**Problem**
Leave the pictures out and quote every line from the start of the listing to the line with "Folded hanging shot", inclusive.

**Data below**
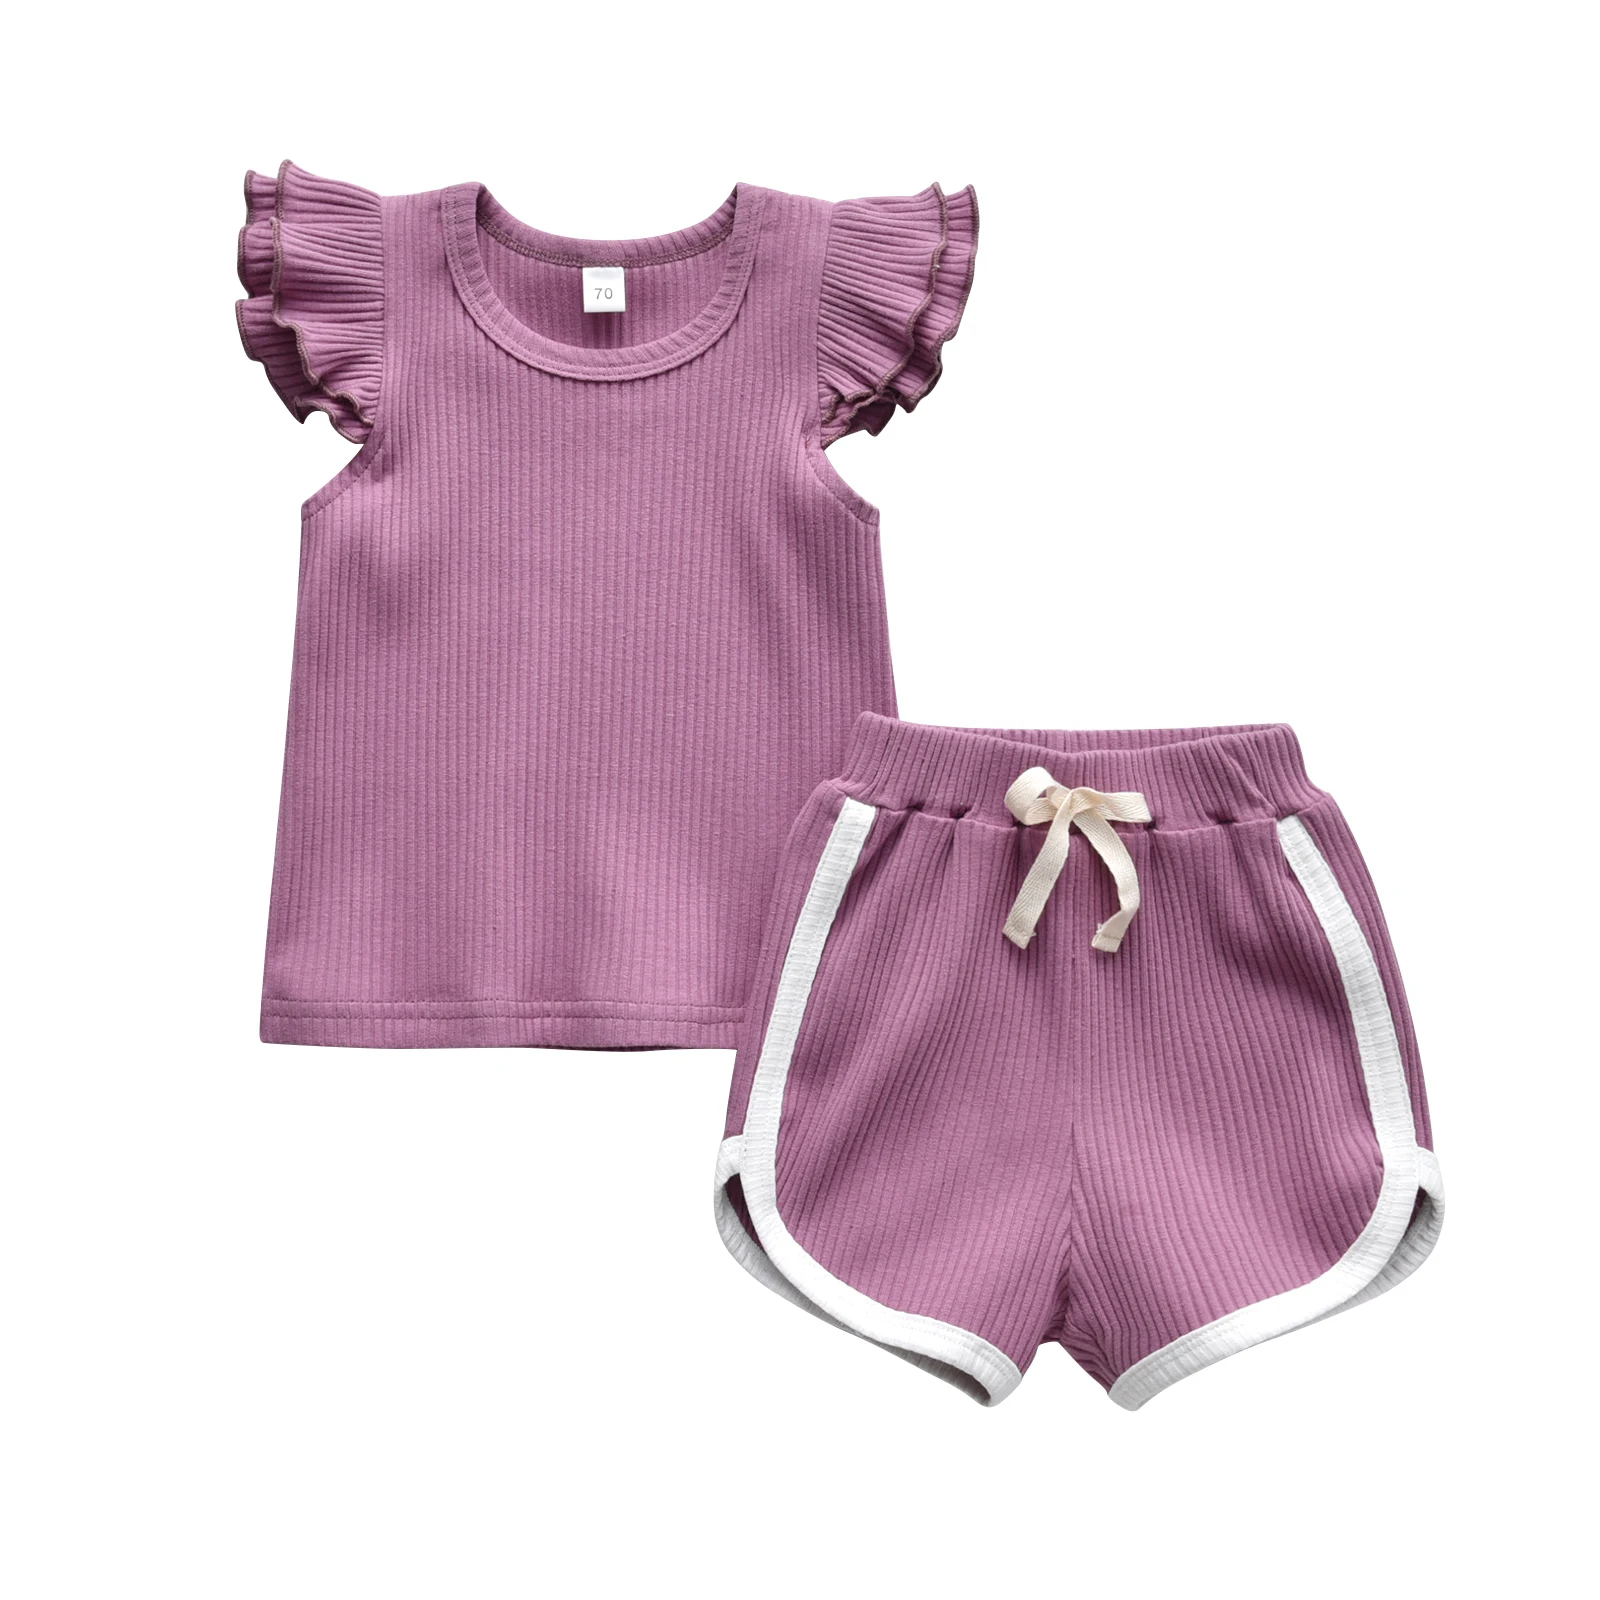 Baby Clothing Set expensive Summer Baby Girl Clothes Set Short Sleeve Solid Color O Neck T-shirt Top and Shorts Pants Knit Two Piece Set Kids Girls Outfits baby clothing set long sleeve	 Baby Clothing Set
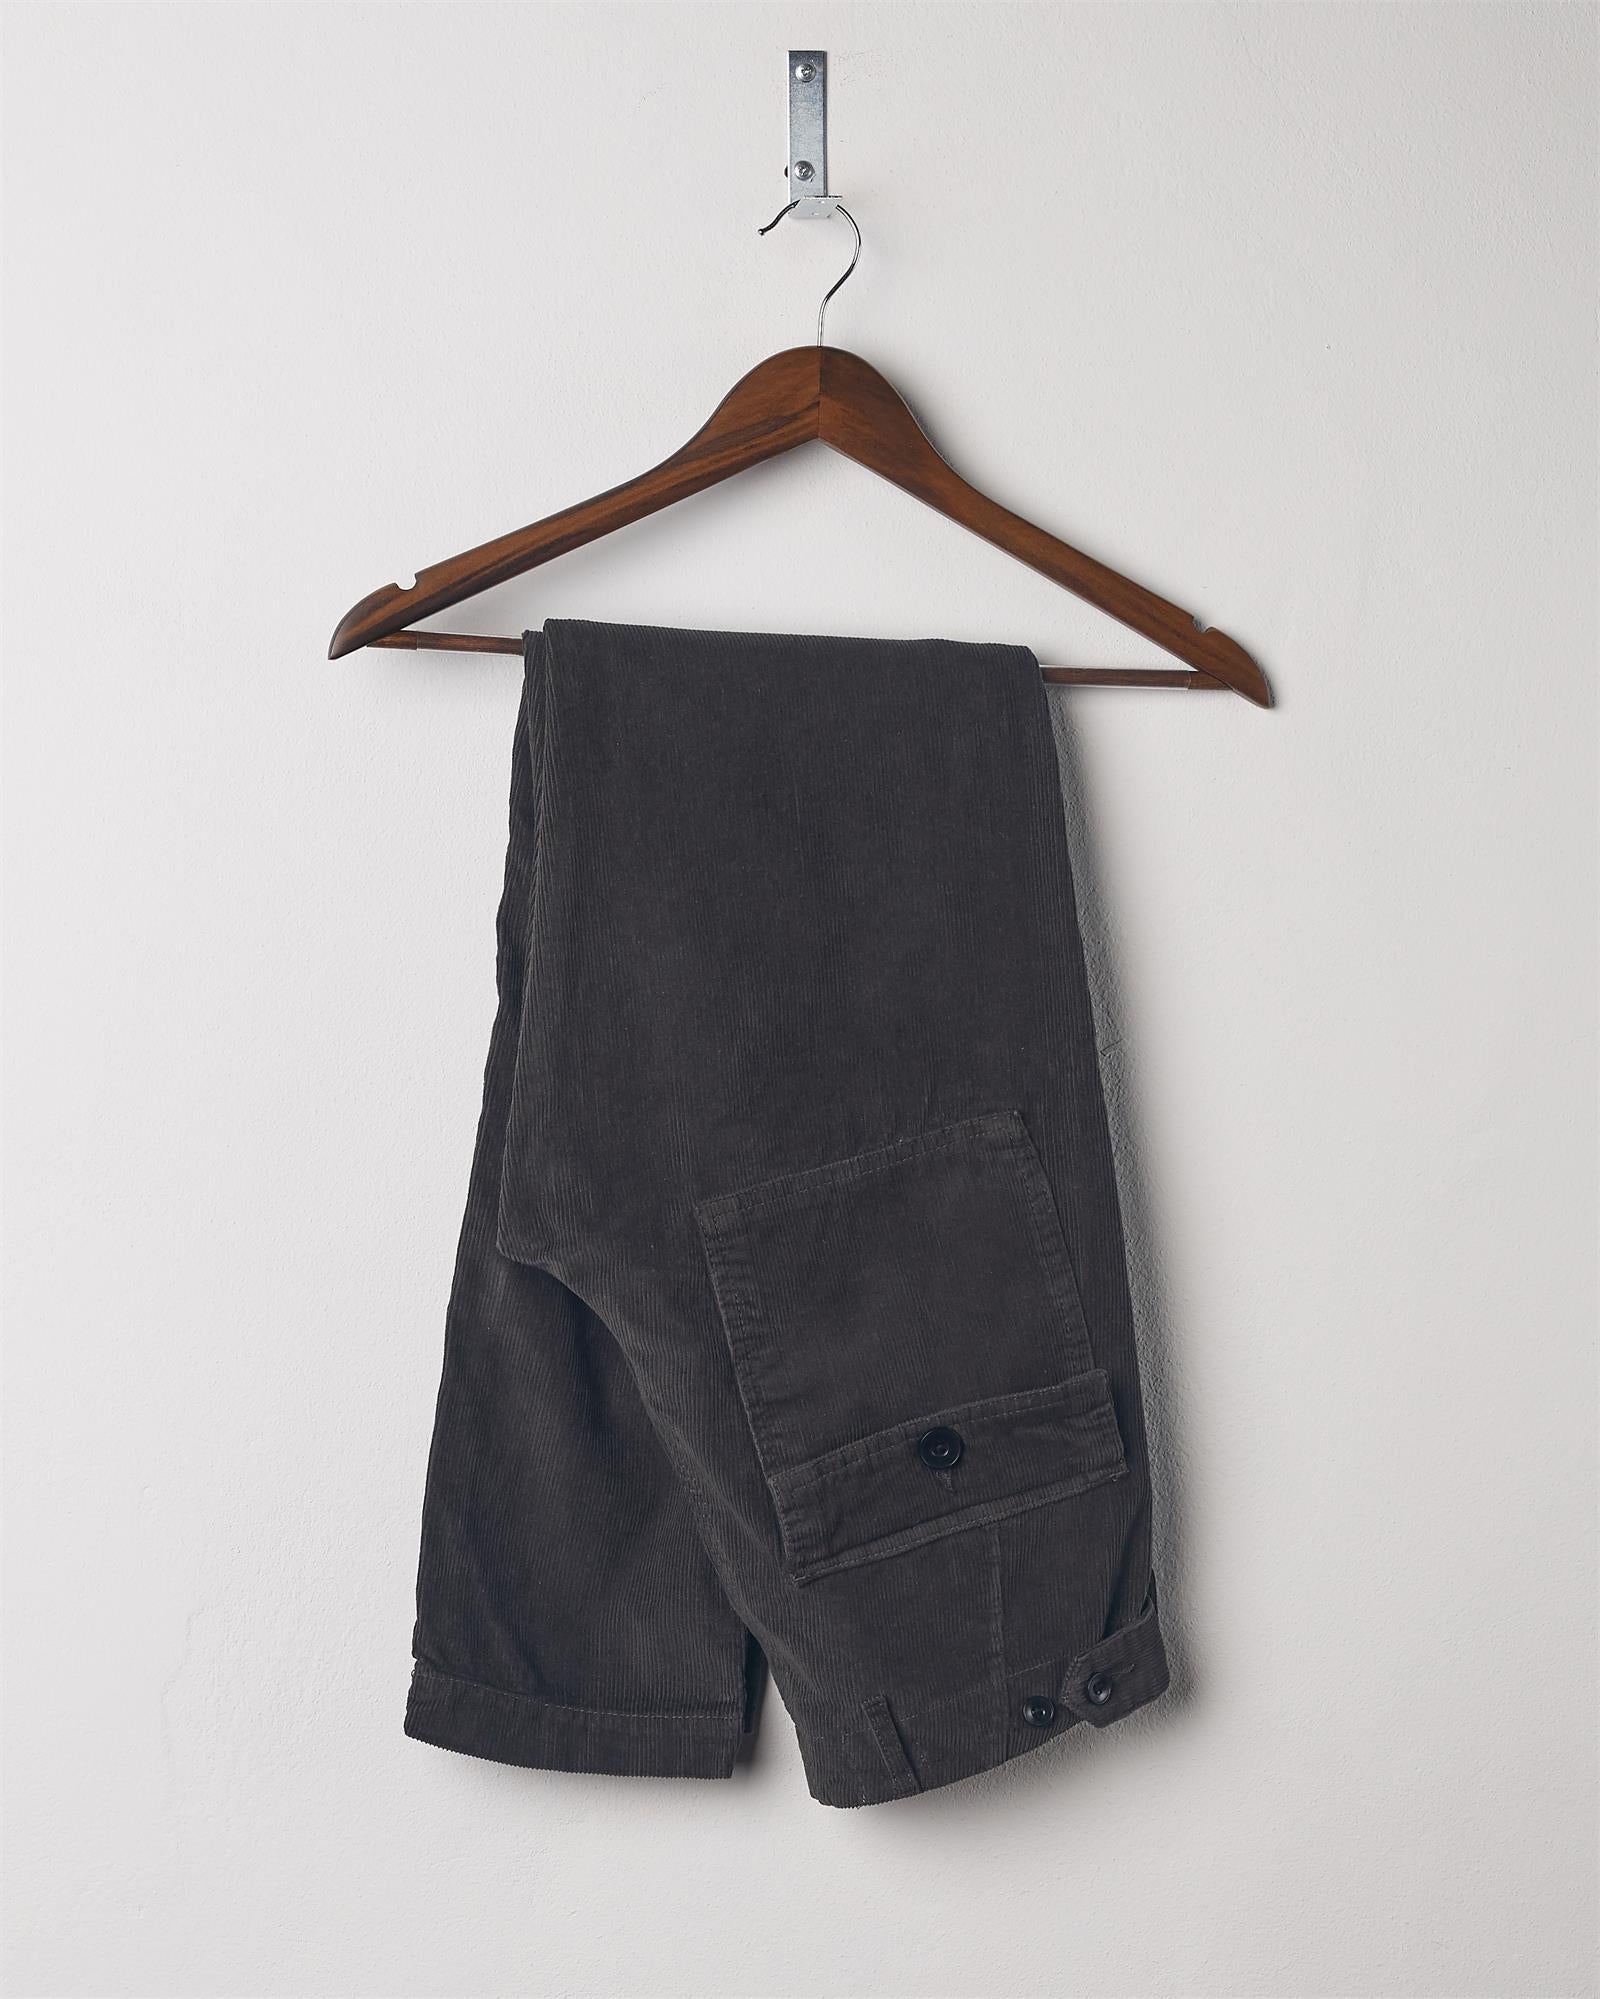 Folded hanging shot of #5005 Uskees men's organic cord 'faded black' casual trousers.
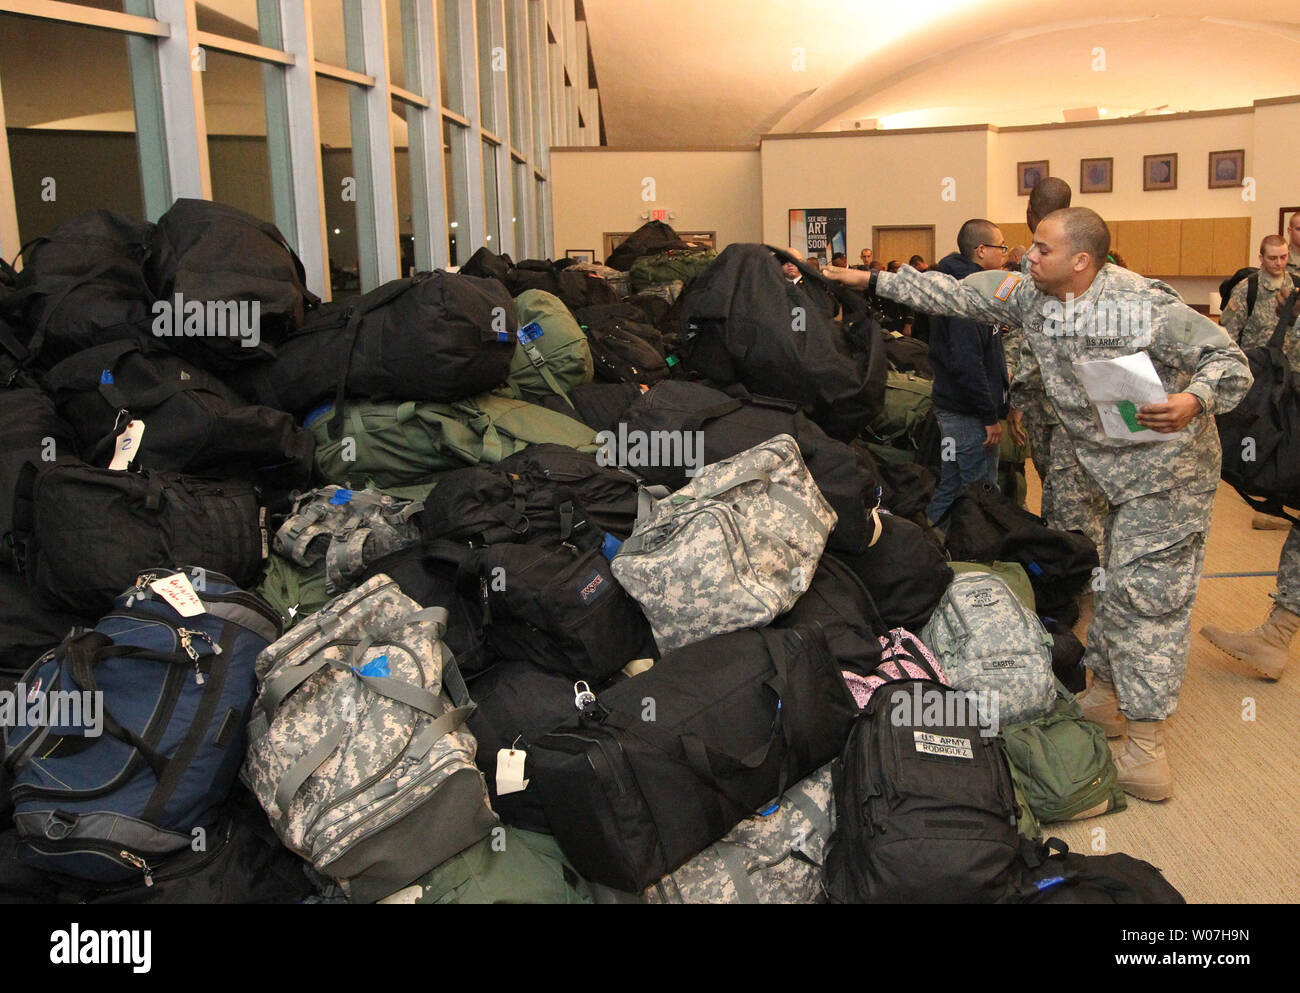 A soldier retrieves his bag from a pile during Holiday Block leave at Lambert-St. Louis International Airport on December 20, 2014. Nearly 5500 soldiers from Fort Leonard Wood converge on the airport at once at they go home for the holidays.   UPI/Bill Greenblatt Stock Photo

**Reply to the exercise**
 Baby Clothing Set expensive Summer Baby Girl Clothes Set Short Sleeve Solid Color O Neck T-shirt Top and Shorts Pants Knit Two Piece Set Kids Girls Outfits baby clothing set long sleeve	 Baby Clothing Set
 Folded hanging shot of #5005 Uskees men's organic cord 'faded black' casual trousers.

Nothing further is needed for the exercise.